_DATA_
• • •

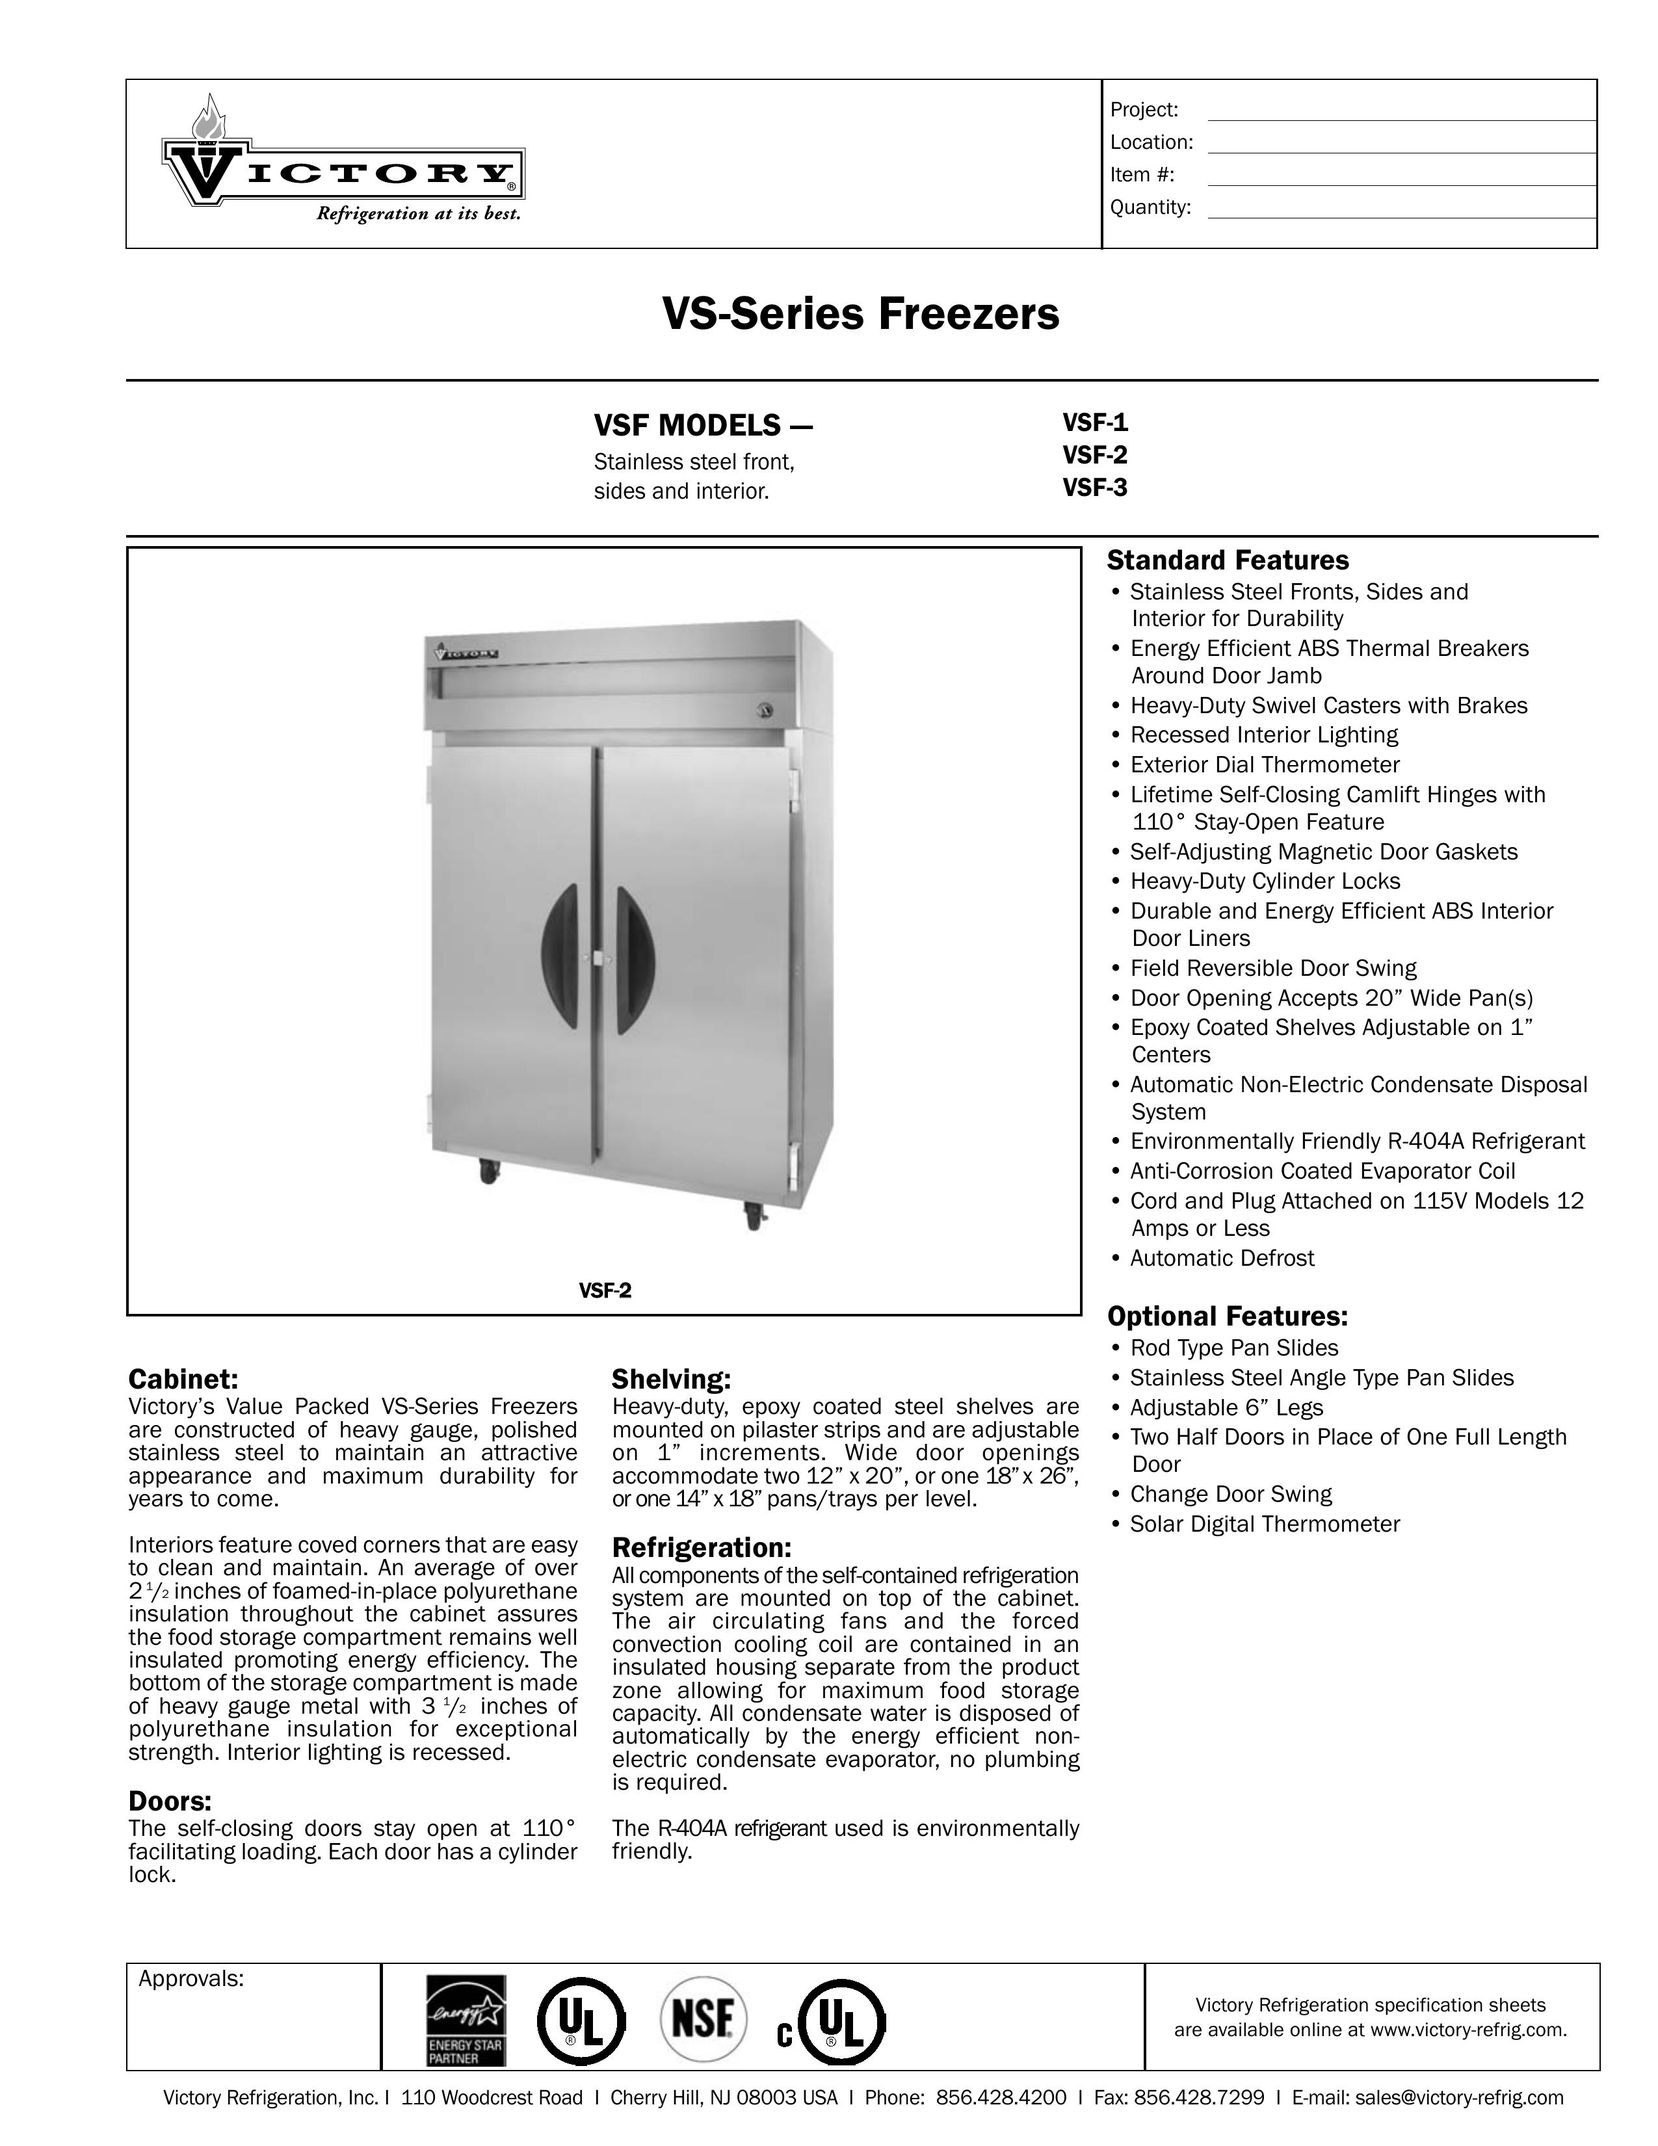 Victory Refrigeration VSF-2 Freezer User Manual
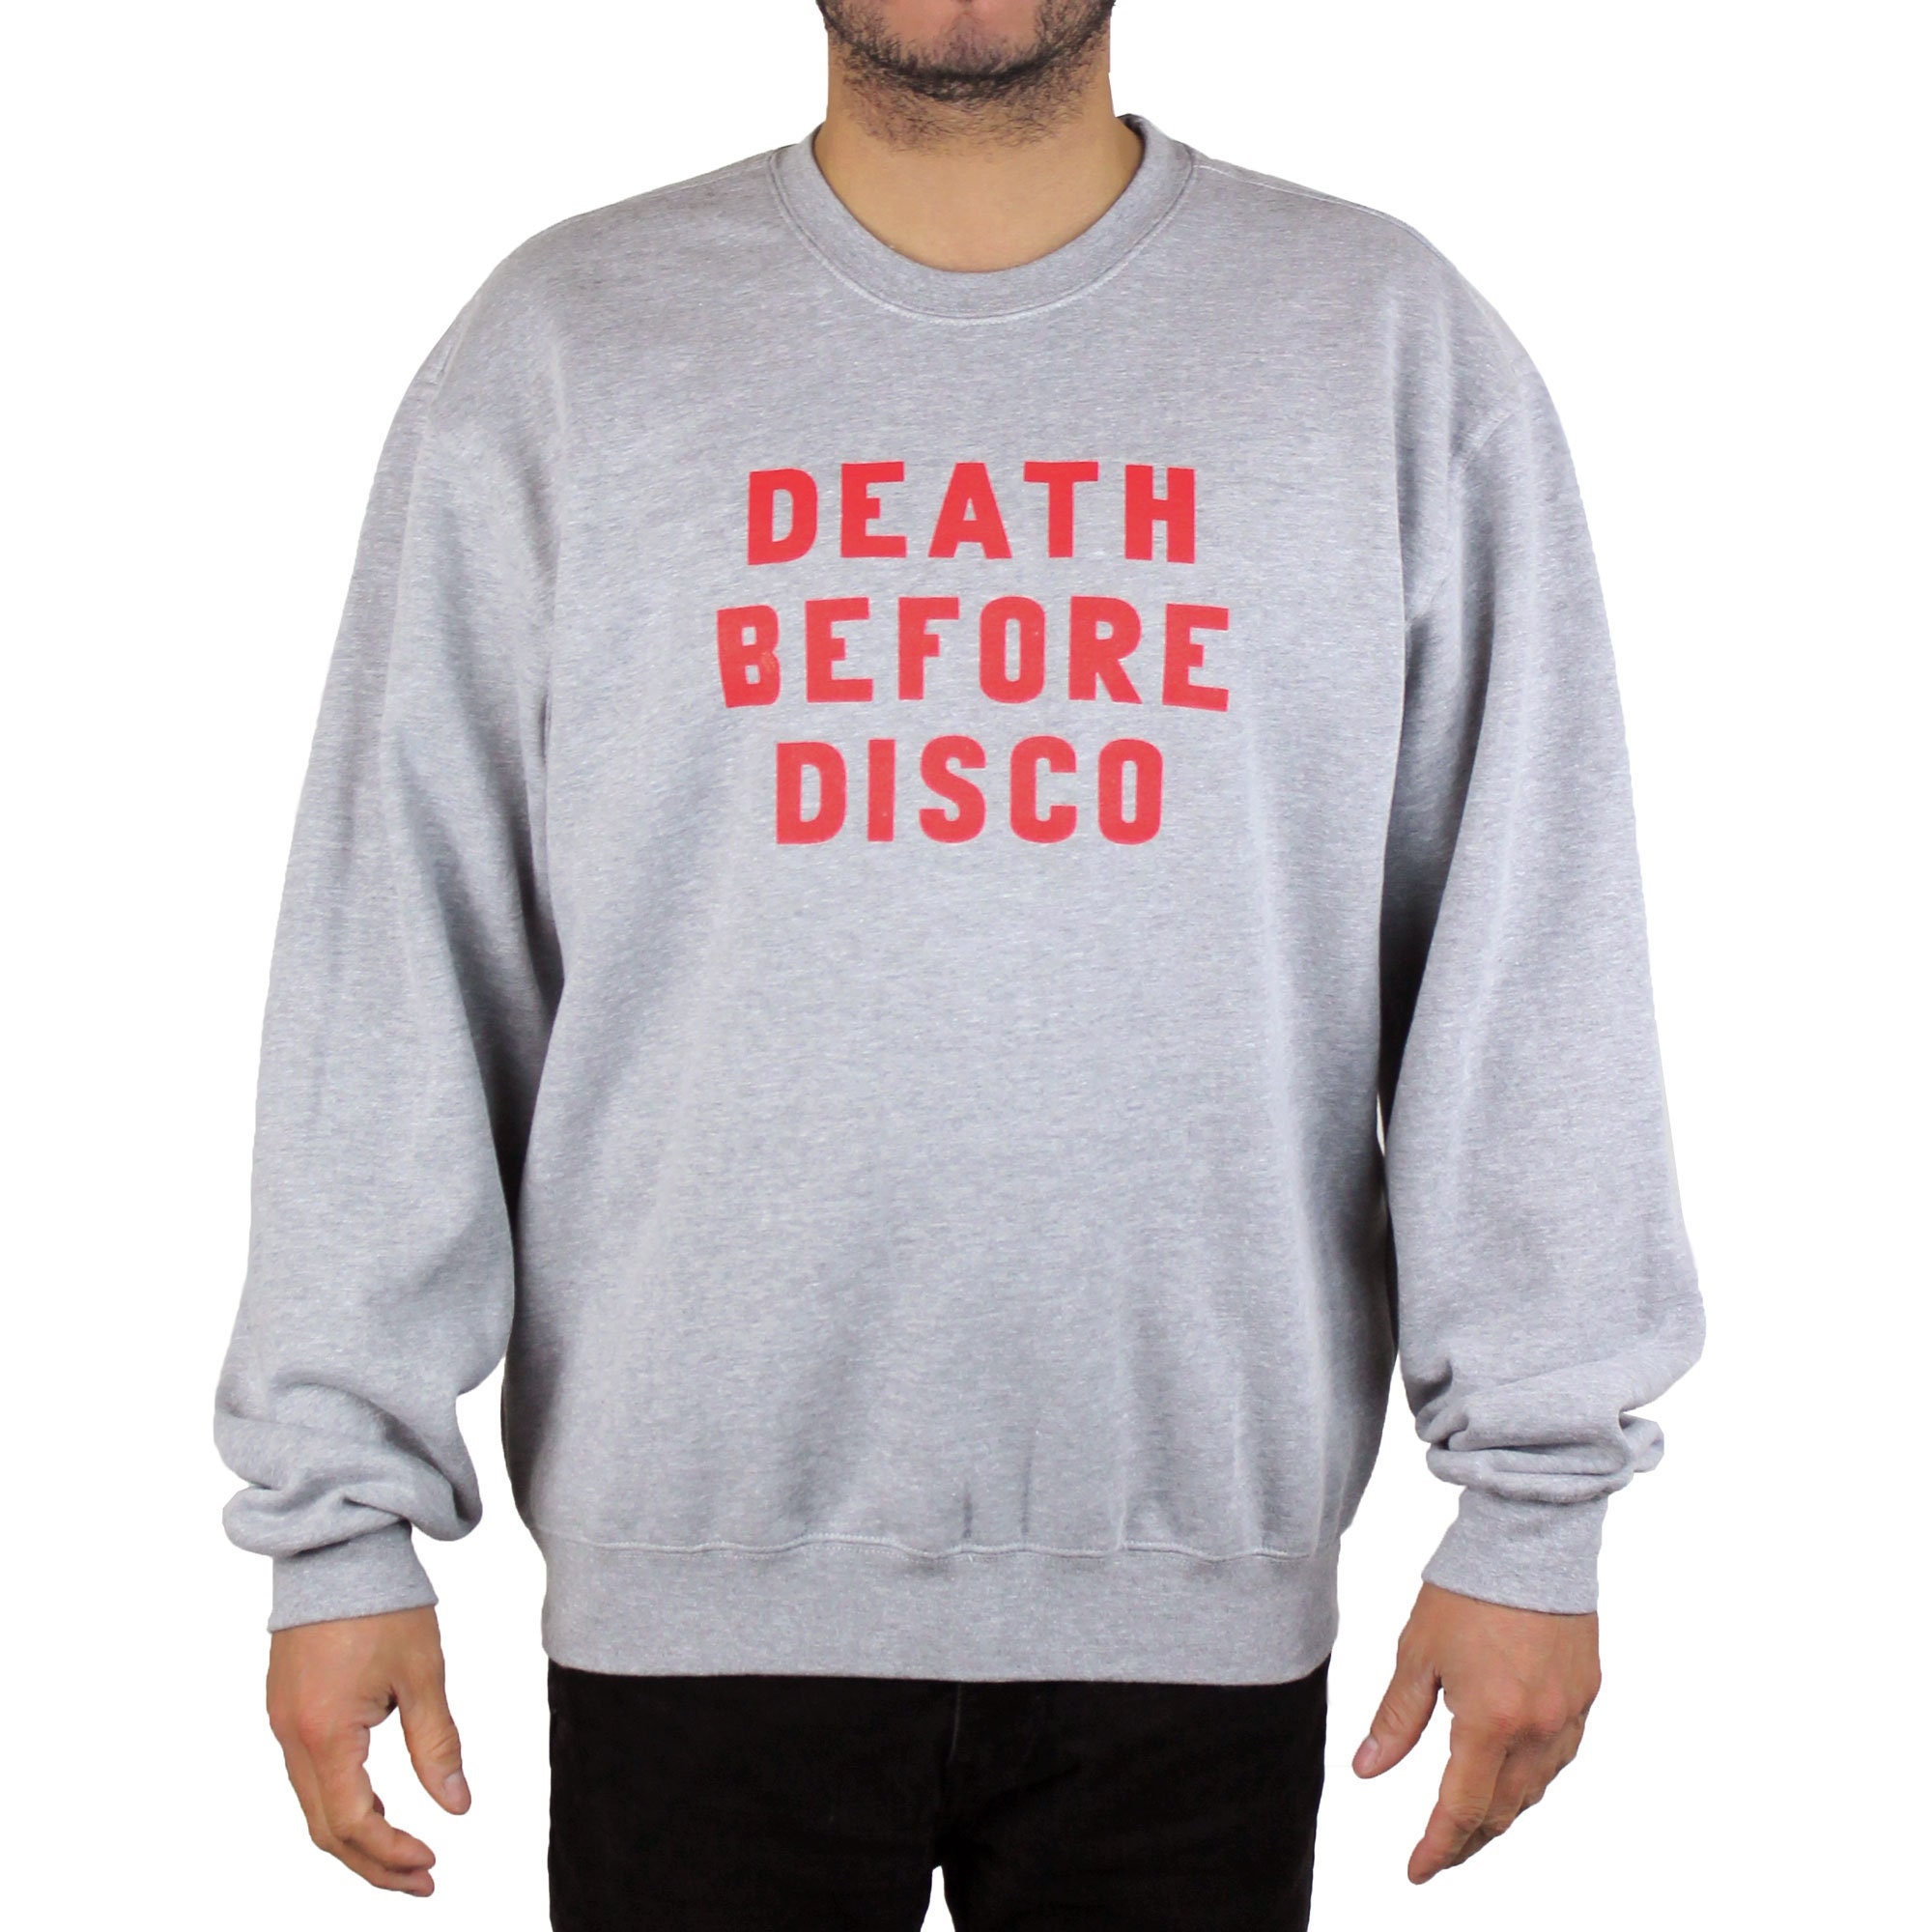 Daily Disco Custom Embroidered Crew Neck Sweatshirt
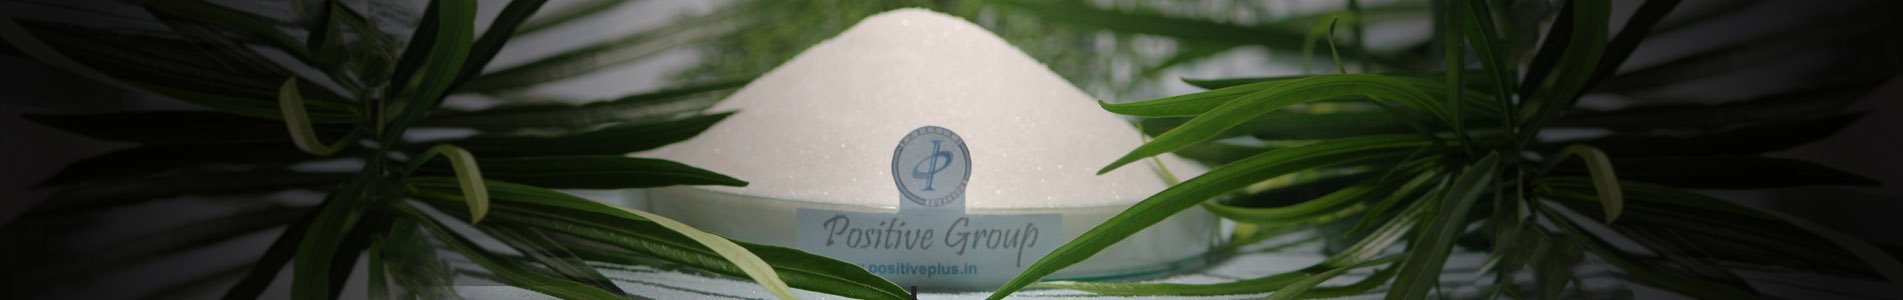 Monoammonium phosphate suppliers in india

• • •

Take every line of the material and copy it exactly, leaving out the pictures.

_REPLY_
 Victory Refrigeration VSF-2 Freezer User Manual
 Daily Disco Custom Embroidered Crew Neck Sweatshirt
 Monoammonium phosphate suppliers in india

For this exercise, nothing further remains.